Beyond that, if your world is massive enough that you're still reaching the edge, you can have each of your spatial partitions maintain their own local system and remember offsets with neighbors. When you transition between zones, everything gets rendered relative to "current zone". The player camera can then just snap to the new relative coordinate and you're good to go.

Keep it sans-GLUT. That's some old old code that's pretty outdated.

-me
@Gage64: I'll check that link out and see if it clarifies things for me. Thanks!

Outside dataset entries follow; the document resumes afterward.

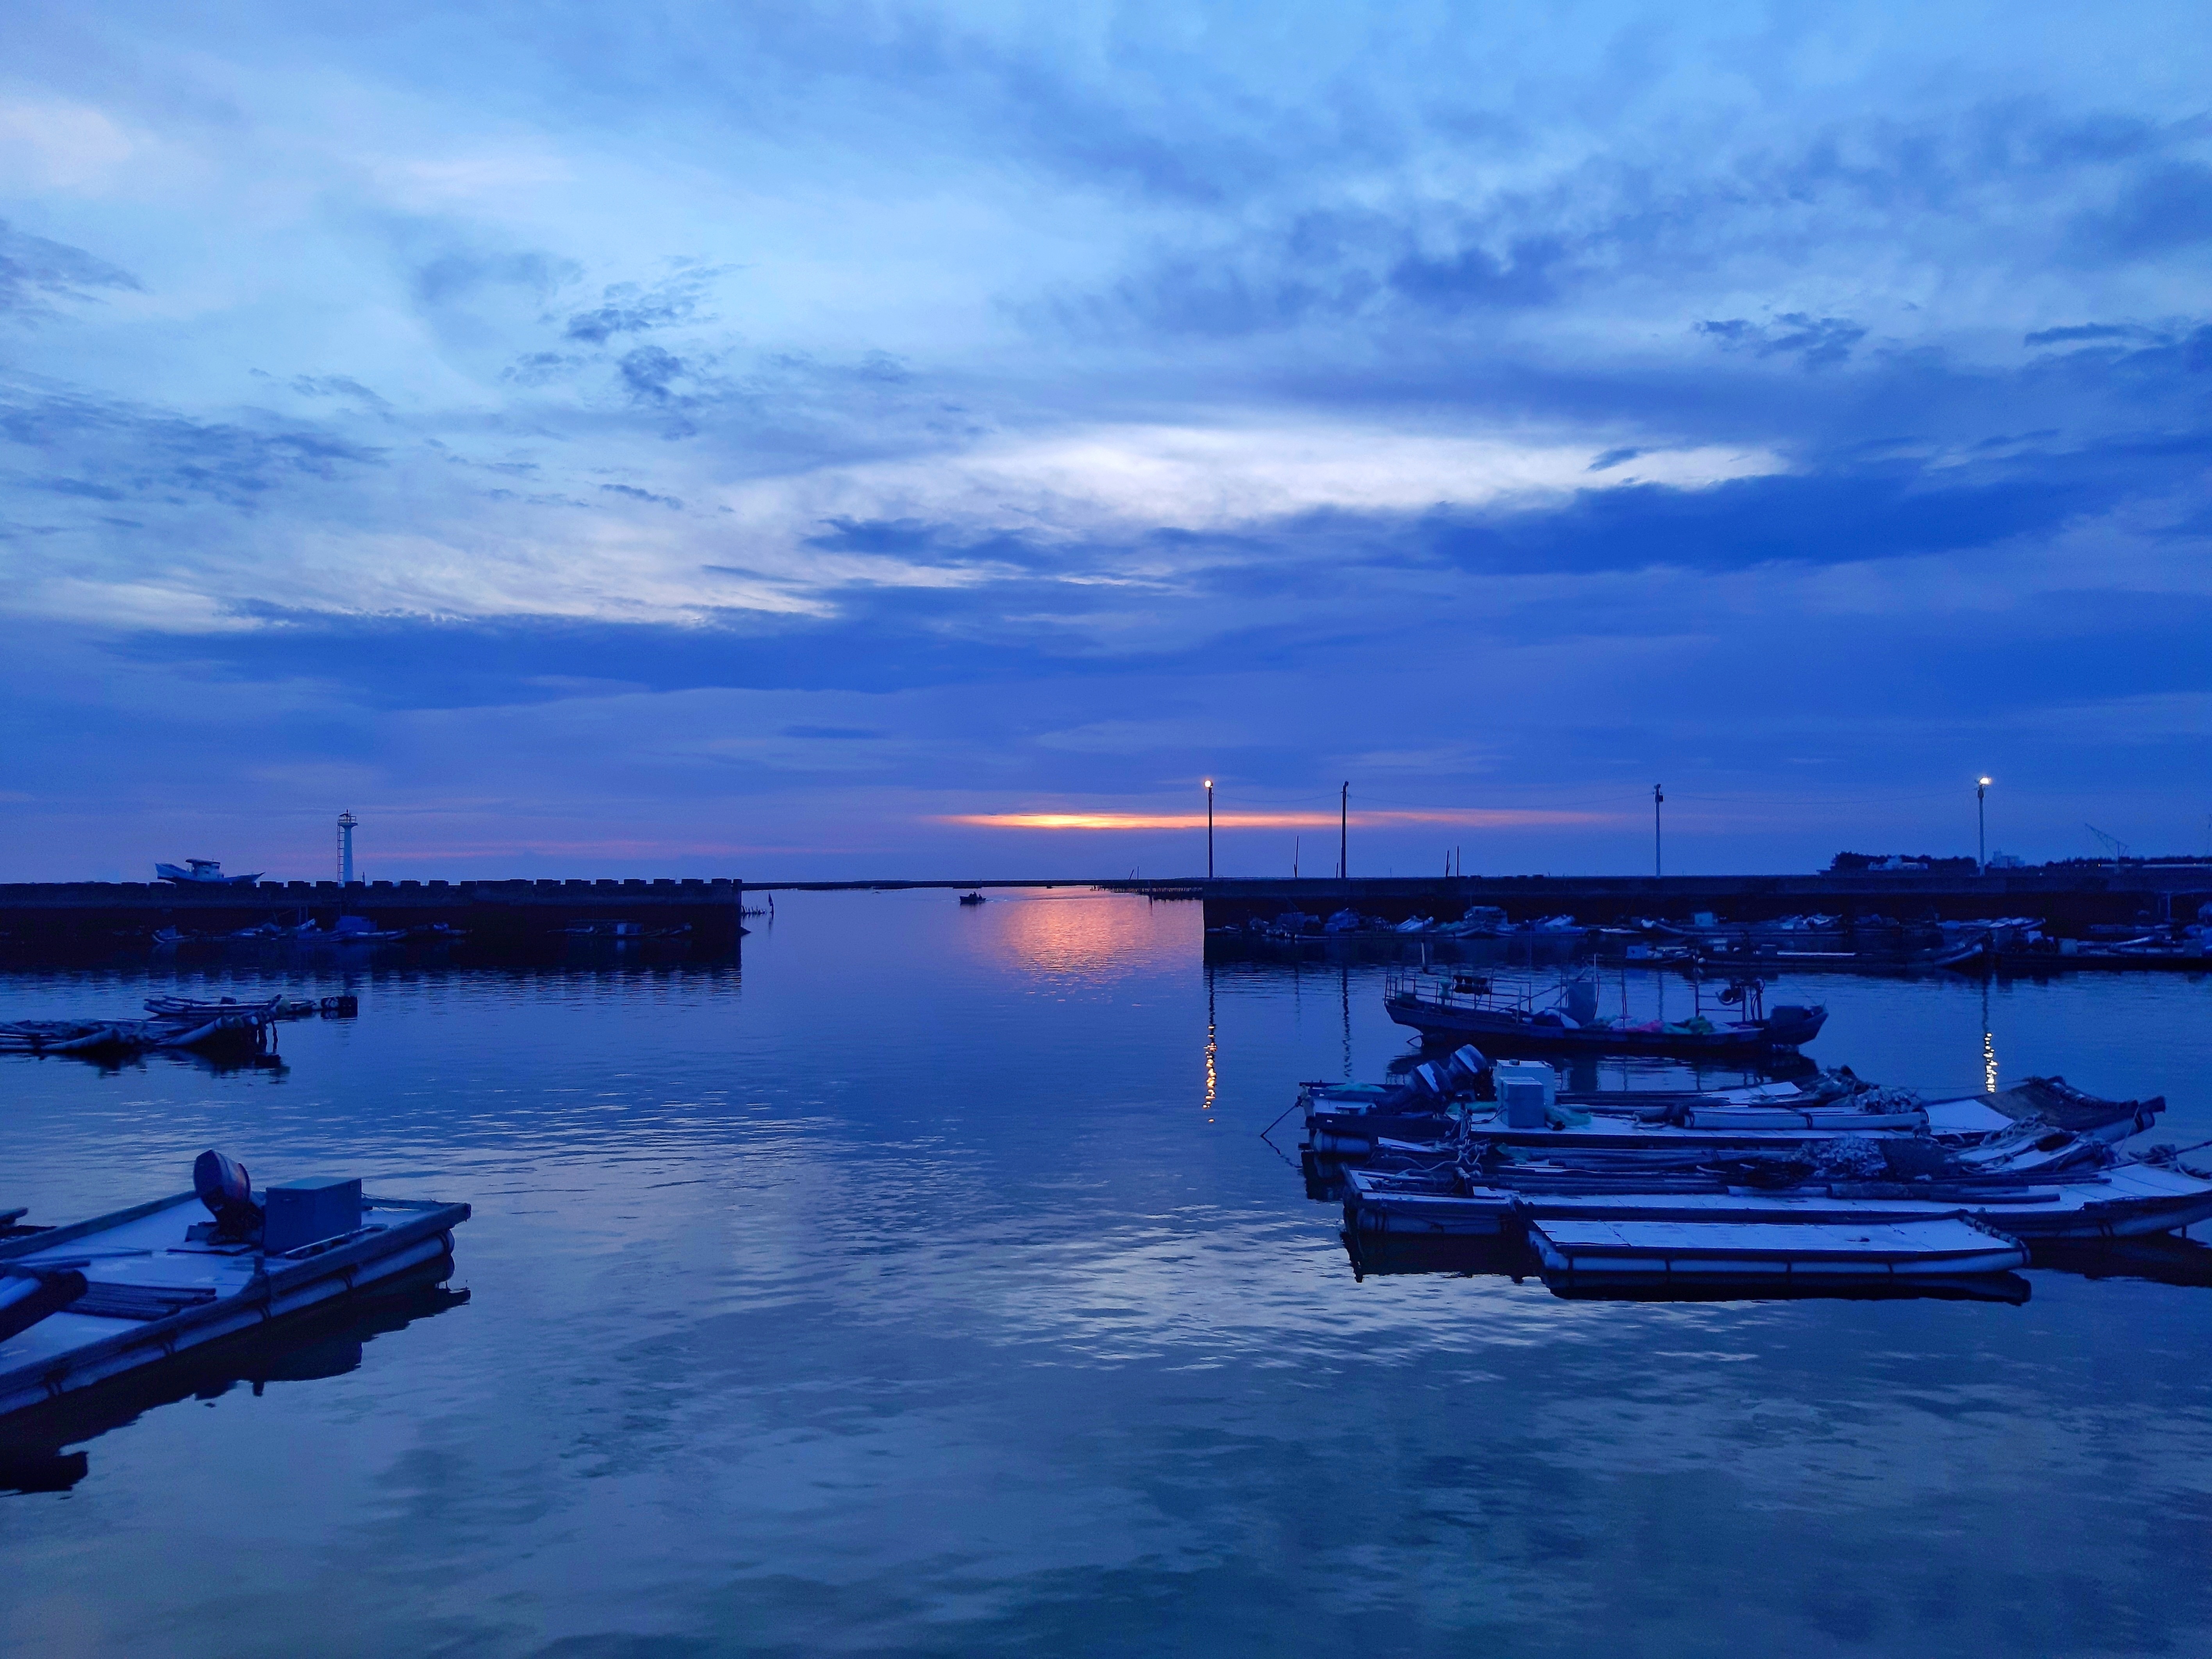 夜幕降臨前的漁港-封面照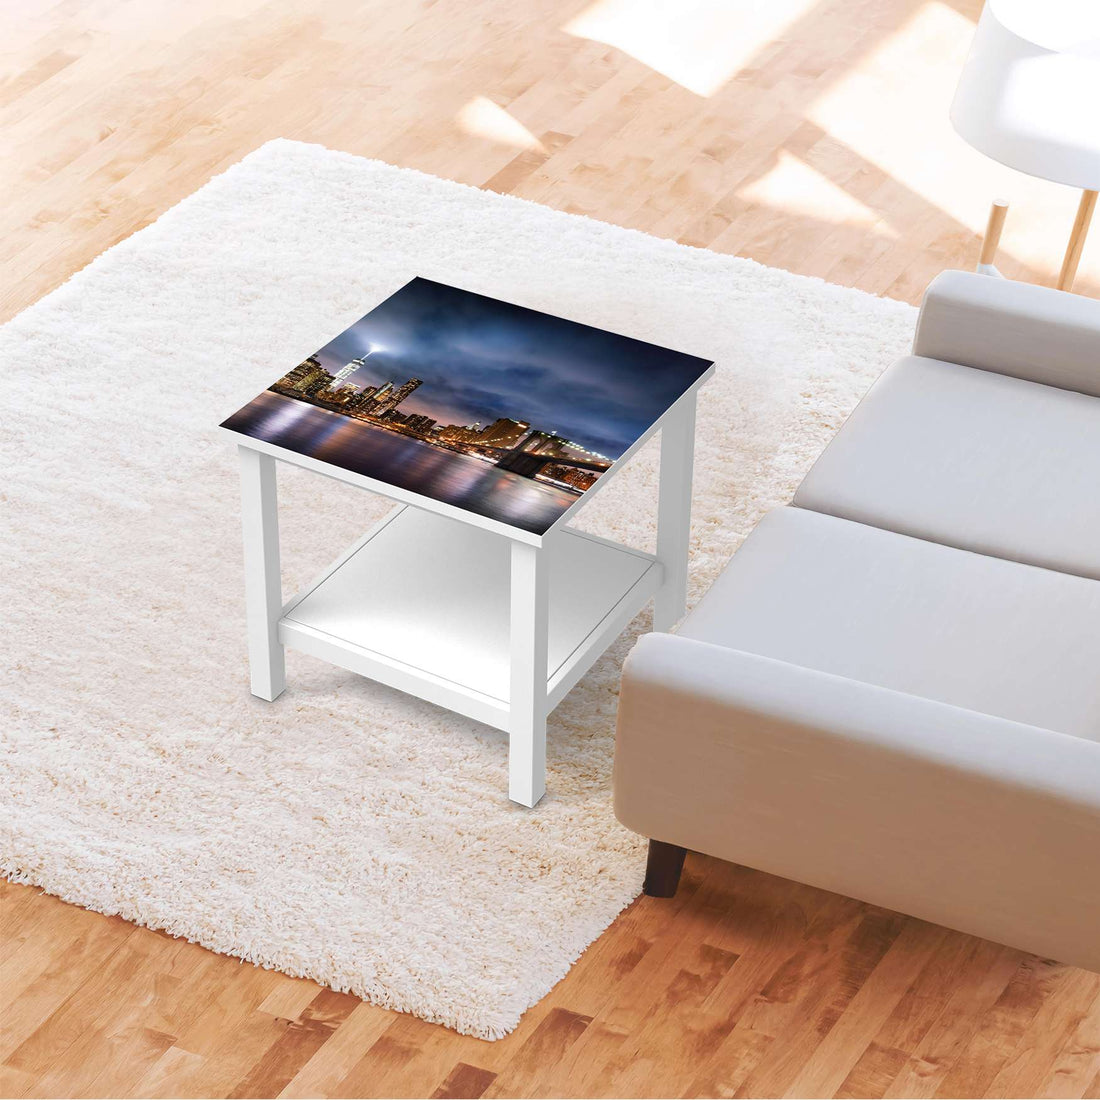 Möbel Klebefolie Brooklyn Bridge - IKEA Hemnes Beistelltisch 55x55 cm - Wohnzimmer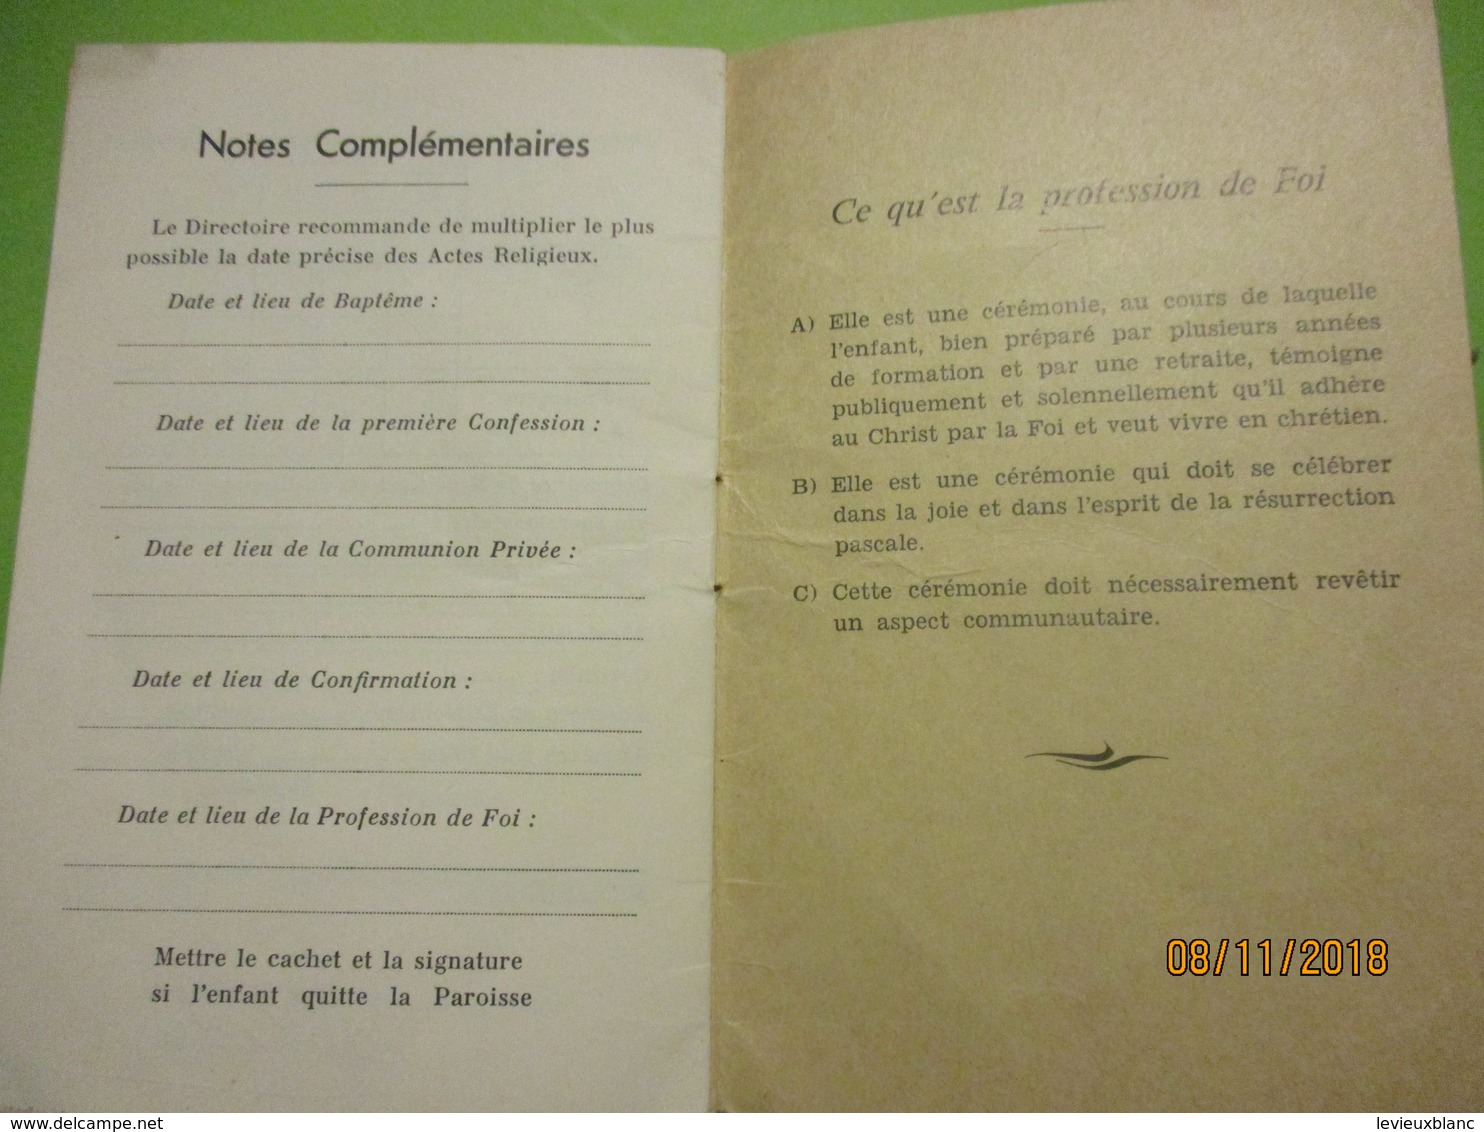 Carnet de Messe et de Cathéchisme pour un an /Paroisse Saint Nicolas/Méziéres sur Seine/RECTON/1968-69   CAN757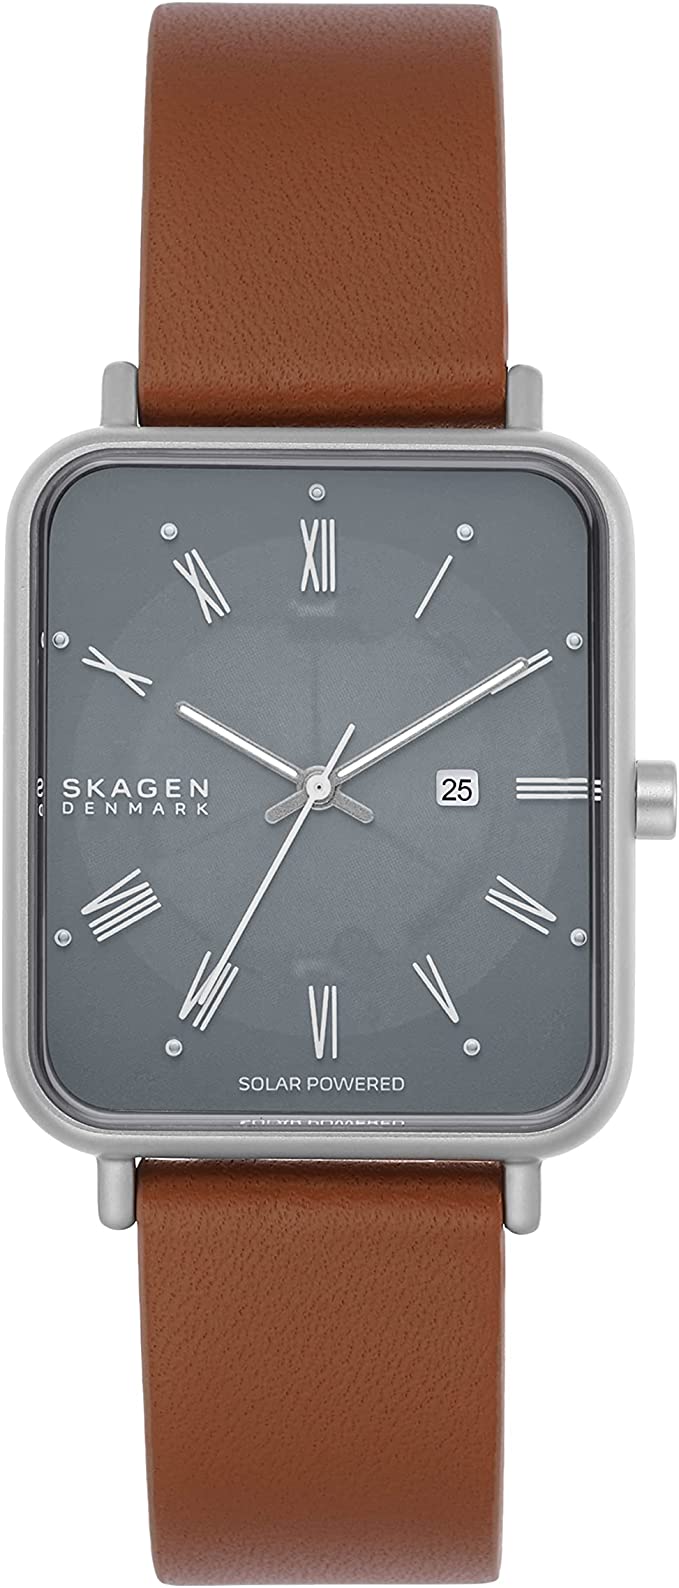 スカーゲン スカーゲン 腕時計 レディース グレー ブラウン Ryle Solar Powered クオーツ SKAGEN SKW6847

@Paladine: I think you lost me here, and I think the problem is in how I'm thinking about the setup of the coordinate system. I am looking at everything in terms of my data sets coordinates. I've taken a small chunk of the data that will fit easily within the OpenGL viewing area (at a 1:1 mapping - I will try the 0.1f:1 and see how it works out) so that I am working strictly in world coordinates. I can see why you would want to keep the camera axes separate so that you can do rotations of the camera relative to it's current axes. If I remember correctly, this relates back to Euler angles in linear algebra, and it has the potential to cause some problems. While I would love to address this, OpenGL provides just enough ways to do things to lose me, which tells me I need to change how I'm looking at it.

So what is a method of handling the coordinates that is workable? I think I have the world coordinate concept down firmly. What I'm unclear on is which of the OpenGL functions to use to be most effective for a large data set (i.e. gluLookAt, rotations on the default camera, etc). Any advice is greatly appreciated.